Depuis les hauteurs de Lutry, le poète s'inspire...
À vol d’oiseau, le lac s’ouvre,
grand, et la nuée au-dessus des eaux se fend, libérant tout le charme du
liquide vert dans le creux de la roche surplombant Lausanne, s’enfuit alors dans
la brume un vent, qui perce le ciel jusqu’à déplacer les nuages au gré de son
souffle hiératique. Depuis les hauteurs sempervirentes, la caresse de la brise
susurre la parole au mutisme dont se couvre l’élégance de la nature, que l’esprit
décrypte dans le silence, attisant sa pleine communion avec les confidences que
se font les fleurs, égayées par l’allégresse de combler les instants de mille
et une couleurs que ravive un soleil omniprésent le jour.
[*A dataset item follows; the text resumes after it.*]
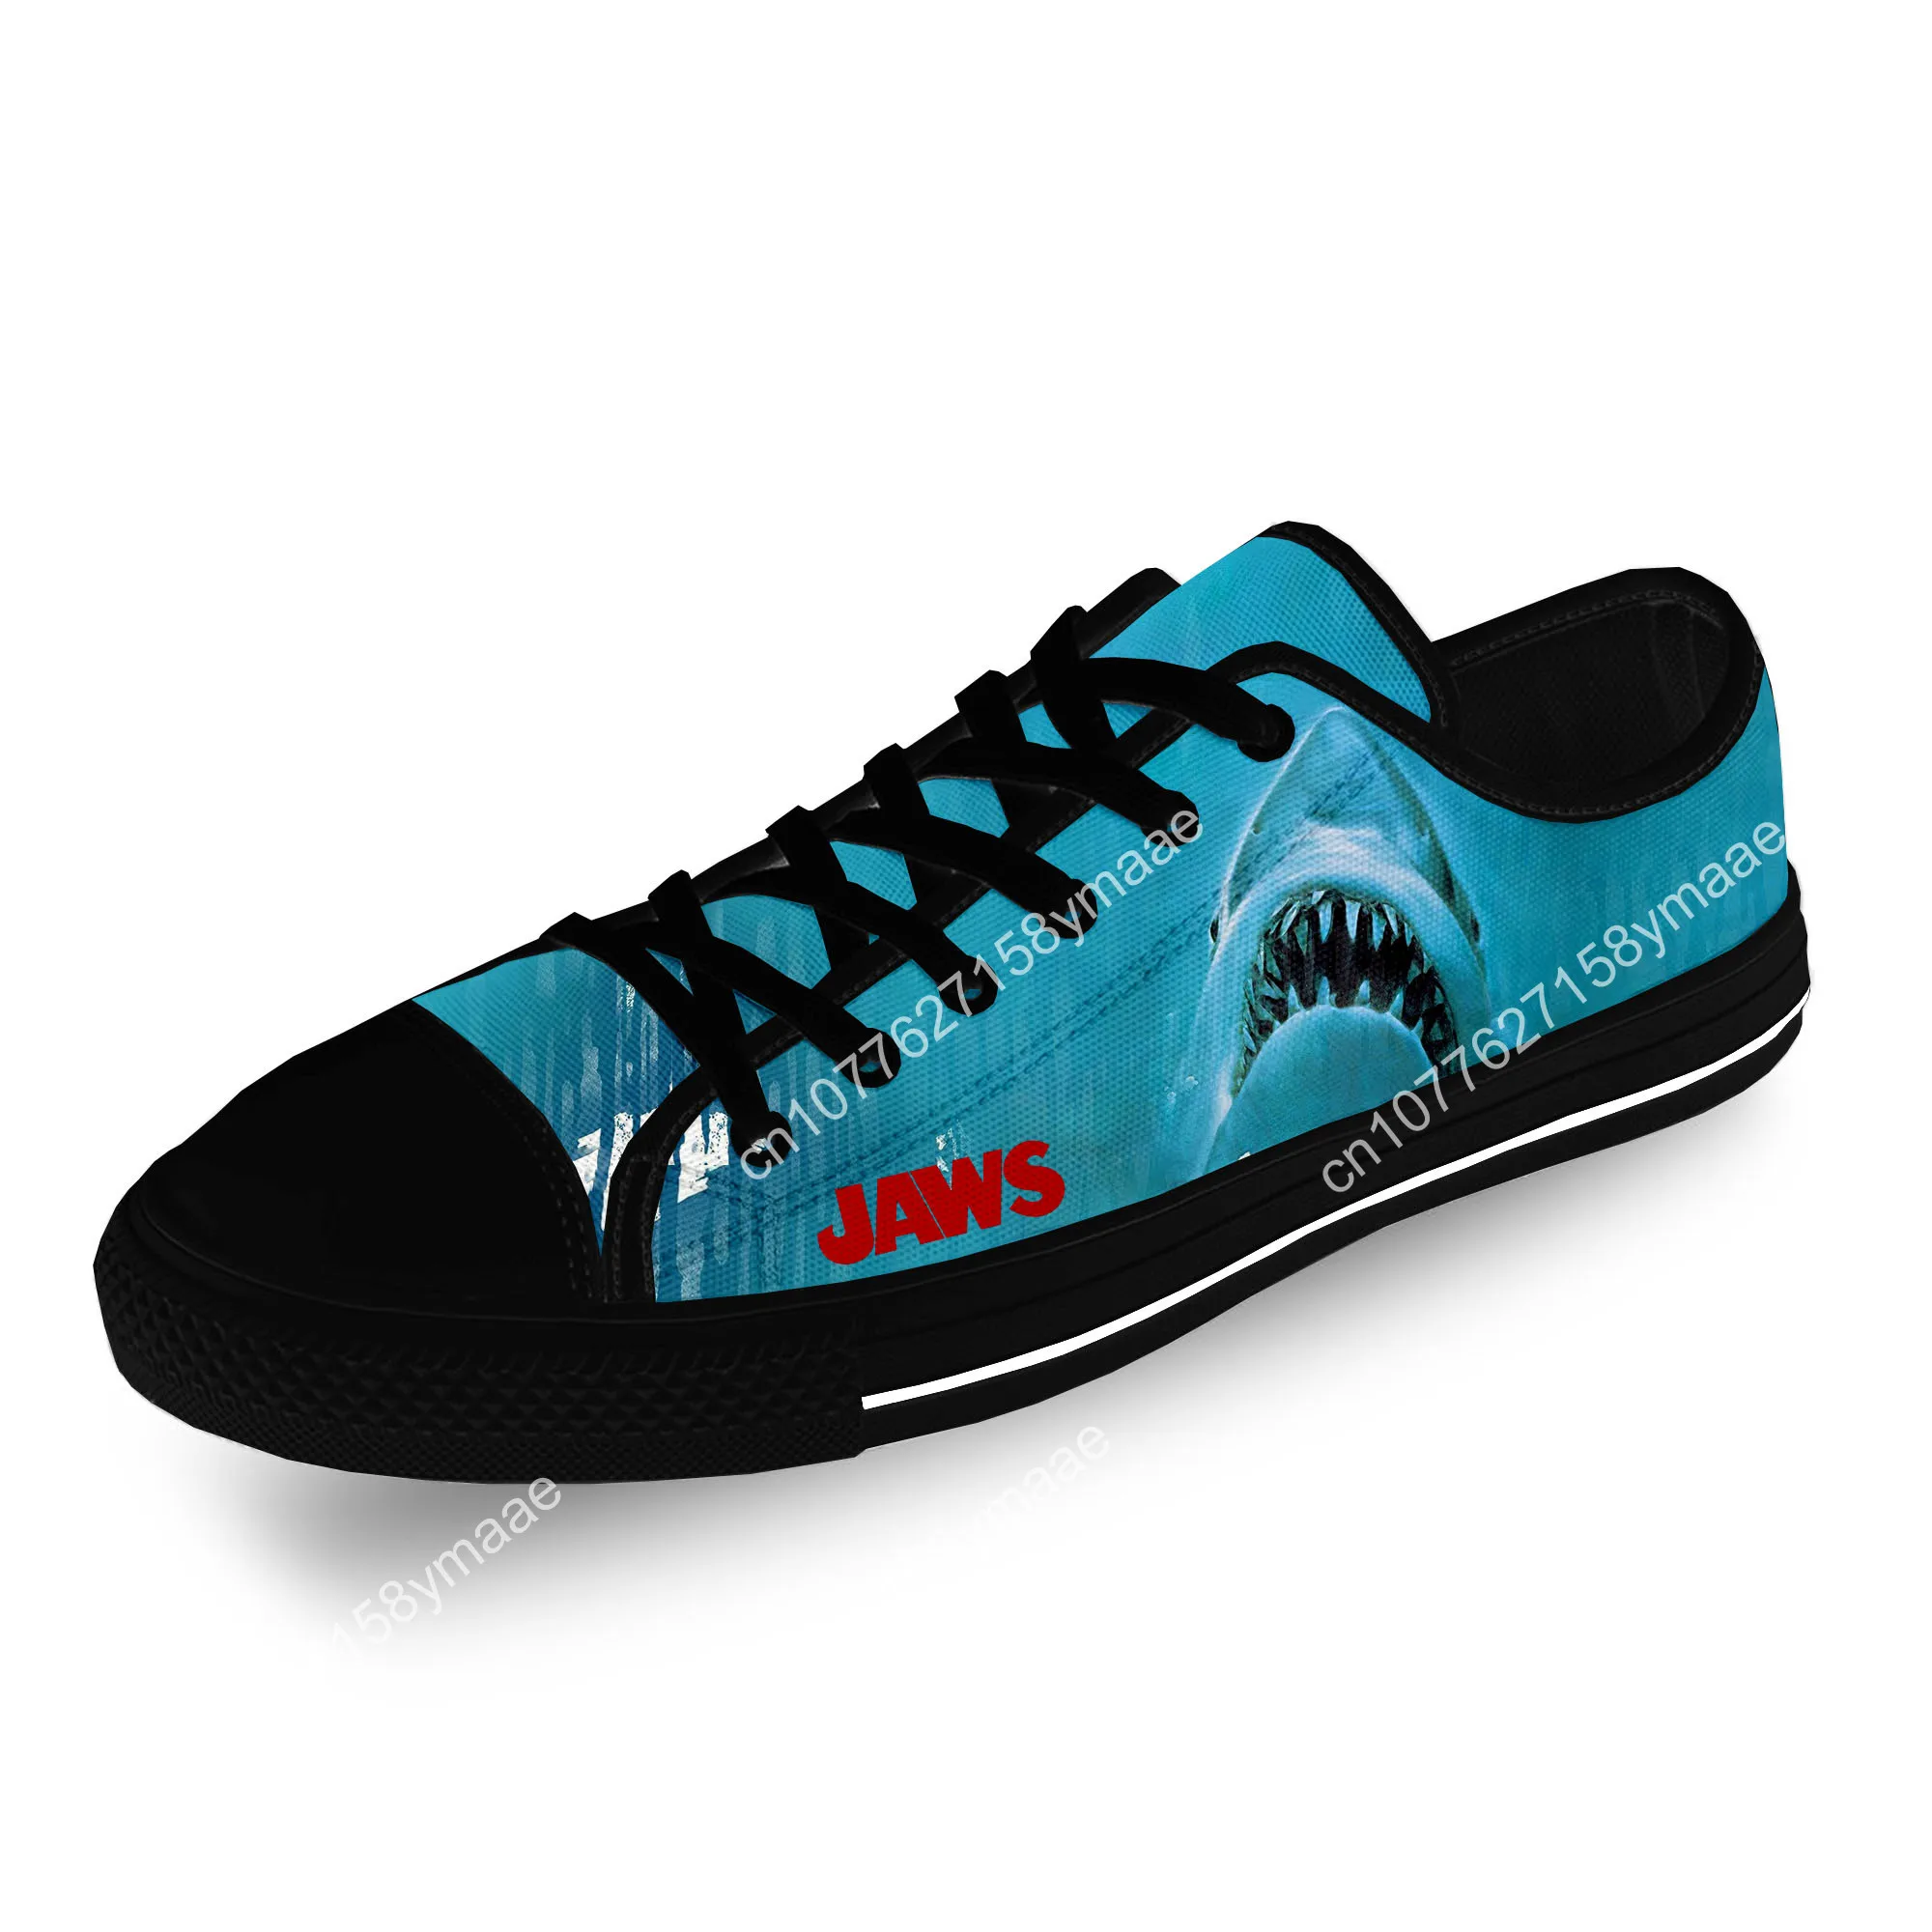 Jaws Movie Shark Horror Casual Funny Cloth 3D Print Low Top Canvas Fashion Shoes Men Women Lightweight Breathable Sneakers

Alpage se
construisant aussi avec les inflorescences affirmant le caractère inestimable
que draine ce décor vert juché sur le flanc de la pente dans un ordre
impeccable, dont, rien que la vue incite au bonheur de vivre, de proclamer ivre
cette indubitable foi à la vie, à sa plus simple expression, de palper la
substance précieuse de ce que nos yeux perçoivent chaque jour en toute
indifférence sans que nos cœurs puissent s’en émerveiller. De là-haut, le lac
se fait désirer, brille dans un charisme pérenne ayant saoulé bien d’autres
regards avant le mien.
J’entends bruire la brise partant
de basse pression avec le rêve de se hisser vers les sommets d’un ton annone
pour que l’existence en aspire la substance, que la vie demeure autant que
possible. À la tombée de la nuit, la quiétude est obscure, sa cape se répand et
s’étend depuis les vignes alignées jusque sur les berges désertes, où l’eau et
le vent jouent à la marelle, des vaguelettes vont et viennent sur le sable ou
contre les rochers ; dans ce silence complet, les cygnes dorment, l’encens
des fleurs se libère, s’envole à la conquête du périmètre vidé de toute
présence humaine, s’additionnant à quintupler l’allégresse d’être, de savourer
l’extase à portée de main qui suinte de l’âme du crépuscule à Lutry. Des lampions
illuminent l’obscurité déversée par l’éviction du soleil, la lune s’est faite timide
derrière un ciel qui n’a cessé d’être nébuleux depuis la journée, les étoiles minuscules
scintillent dans l’infinitude obscurité qui couvre la colline comme un arc dont
la boucle s’entremêle avec le bout du lac formant un horizon à la fois
idyllique et esthétique.
En face, de l’autre côté, la
montagne est revêtue d’une brume opaque couvrant sa majestueuse présence, la
beauté de ces pics couverts de neige engloutie dans le noir régnant en maitre
de céans. « Il pleuvine et fait
froid, cela va de soi, c’est la saison, il en sera ainsi m’a-t-on dit », foi
des hommes et des femmes qui connaissent la région où ils sont nés.
Sur la véranda d’où j’observe cette lueur
tendre et ondoyante sur les eaux calmes et paisibles du Léman, je communie dans
un dialogue muet avec la tranquillité pleine que charrie le silence de la nuit.
La plante des pieds nue absorbe toute la paix qui filtre des instants, le corps
expulse tous les maux incommodant la fécondité de l’âme du poète ; ainsi,
comme un rai de soleil perçant l’aube qui évinça les temps obscurs, l’inspiration
se révèle, belle et subtile, à l’esprit du scribe, ainsi sa lettre poétique
peut s’écrire depuis la colline surplombant le vieux port de pêche de Lausanne.